Mission and Maintenance

Subtitle: 

fr Fabian Radcliffe invites us to consider whether we have got the balance right.

Date: 
Sunday, July 7, 2013
Quarter: 
Summer 2013

     Today’s Gospel reading is about Jesus sending out seventy-two disciples to preach the good news of the Kingdom. Since Dominicans are called the Order of Preachers, these words must have something special to say to us. But every baptised person is called to spread the Gospel too, so there will also be a message here for everyone. 

     Jesus sends the disciples out in twos to visit all the towns and villages where he was planning to come himself. He does not let them settle down in those places, any more than he himself planned to settle down; he tells them to preach and then move on. Earlier he had resisted the inclination to stay at Capernaum, by saying, ‘I must proclaim the good news of the kingdom of God to the other cities also; for I was sent for this purpose’ (Luke 4:43). Immediately before his Ascension his final words were, ‘Go and make disciples of all nations’ (Matthew 28: 19).

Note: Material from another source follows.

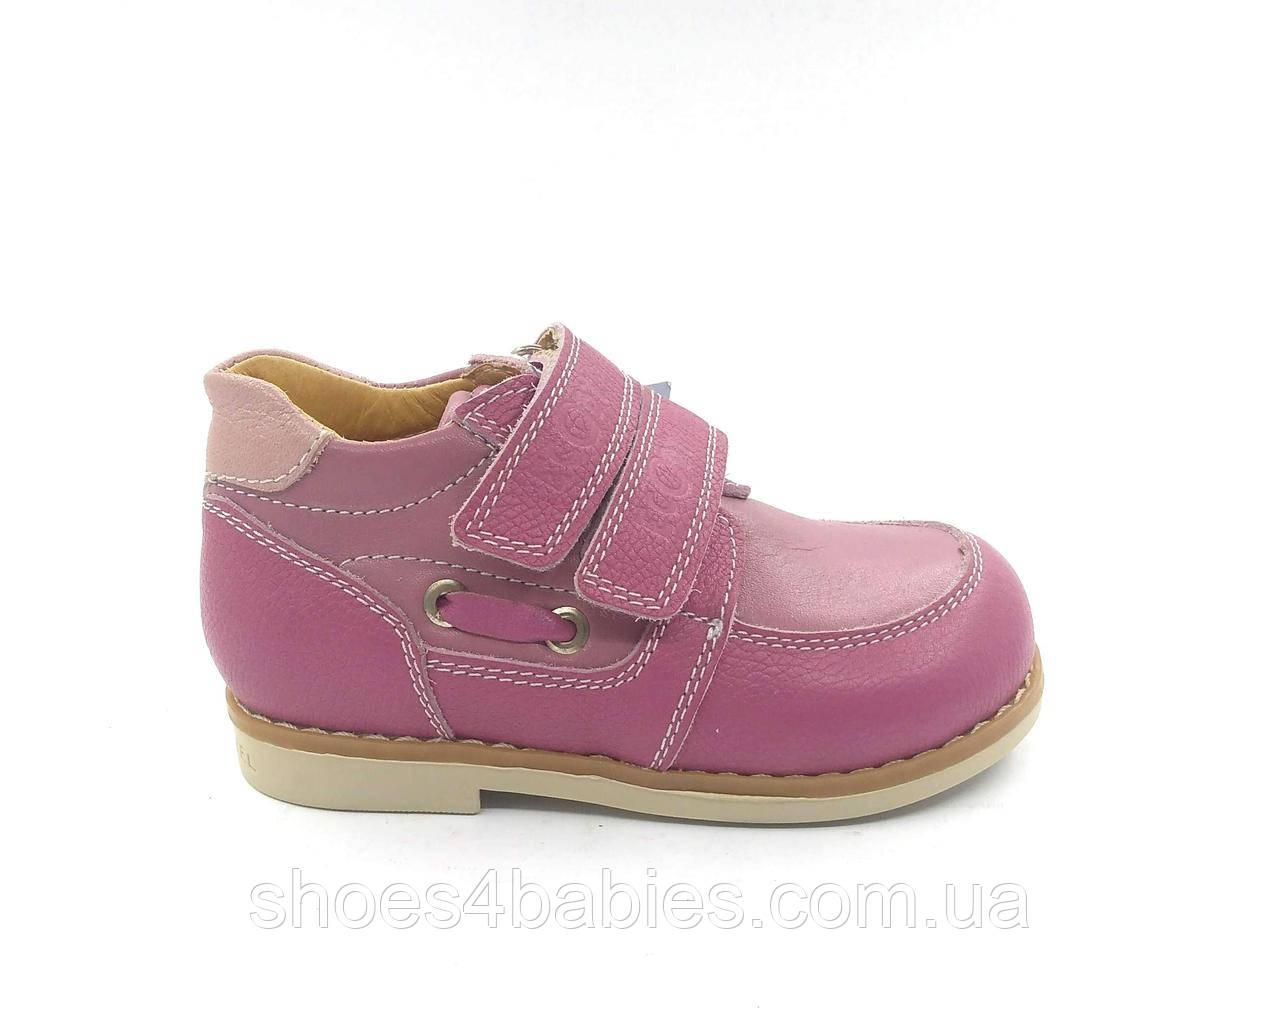 Детские ортопедические туфли, полуботинки Ecoby модель 104P р. 24 - 16 см

     In all this, there is a sense of movement, of pushing out the boundaries of those to whom the good news of Jesus has been preached, a strong sense of mission. This is reflected in what Jesus goes on to say to the disciples. Don’t carry any luggage, and don’t stop to gossip on the road. You are bearing a message of peace; spread it to as many people as possible. Be grateful for the food and support that people give you; give healing and love to the sick, and assure them that the kingdom of God is close to them. Don’t waste your time with those who simply reject your message. Concentrate on the essential, the preaching of the good news, so that as many people as possible have the chance to hear and accept it.

     You get much the same picture with St Paul. He often did not stay long in any one place. When he came to a new town he would preach, generally to the Jews first and then to the Gentiles; but once a small community of believers was established he moved on elsewhere. He did not abandon the communities he had founded; he revisited them whenever needed. He felt a strong responsibility for them, as we can see in his letters to the Corinthians and the Galatians. But it is clear that the preaching of the good news was one thing, and the building up and consolidating of the communities was another. He was concerned for both, but his overriding passion was for the preaching. ‘Woe betide me’, he said, ‘if I do not preach the gospel’.

     These two aspects of the life of the Church are of course always present. Sometimes they are characterised as ‘mission’ and ‘maintenance’, the one being outward-looking (the preaching of the gospel), the other inward-looking (the building up of the Church). At some periods in the Church’s history the missionary drive has been much stronger than in others. But the need for maintenance is always present, so there is the temptation to be over-concerned with that, at the expense of mission.

     This was underlined in an interesting way by an American missionary priest in the 1970s, Fr Vincent Donovan. He had been assigned to a mission station in Tanzania, working among the Masai people. He found that the work of his fellow-missionaries consisted in running schools, hospitals and centres for health and agricultural education; but there was no preaching of the gospel whatsoever. As he saw it, the balance between mission and maintenance had gone seriously wrong. At his own request he was given permission by his superiors to spend his time visiting Masai villages, and simply talking to the people about God, Jesus, sin and salvation, faith, prayer, the Eucharist, Scripture, the Church - the fundamentals of the Christian faith. To do this effectively he had of course to express himself in ways that made sense to the Masai; and that obliged him to rethink his own faith so that he could convey it not to Americans but to the Masai. After a year of preaching in a village he would offer the people baptism, which they were free to accept or reject. More often than not the decision was to accept it; and so a new Christian community was formed. Fr Donovan found that this whole process profoundly deepened his own faith. The book he wrote describing his experiences is called ‘Christianity Rediscovered’.

     The Church as a whole has this double task of mission and maintenance; and if this is true for the Church as a whole it is true too in its own way for smaller communities such as the parish, and for each individual. Few of us will be able to take an entirely new approach, as Fr Donovan did. But we can all ask ourselves whether our lives as Christians do reflect the emphasis that Jesus and Paul and so many others have put on mission: the spreading of the Good News of the Kingdom in ways that make sense not just to ourselves but to those we live alongside, people whose culture and assumptions may well be very different from our own.

 

fr. Fabian Radcliffe is Prior and Parish Priest of Holy Cross Priory, Leicester.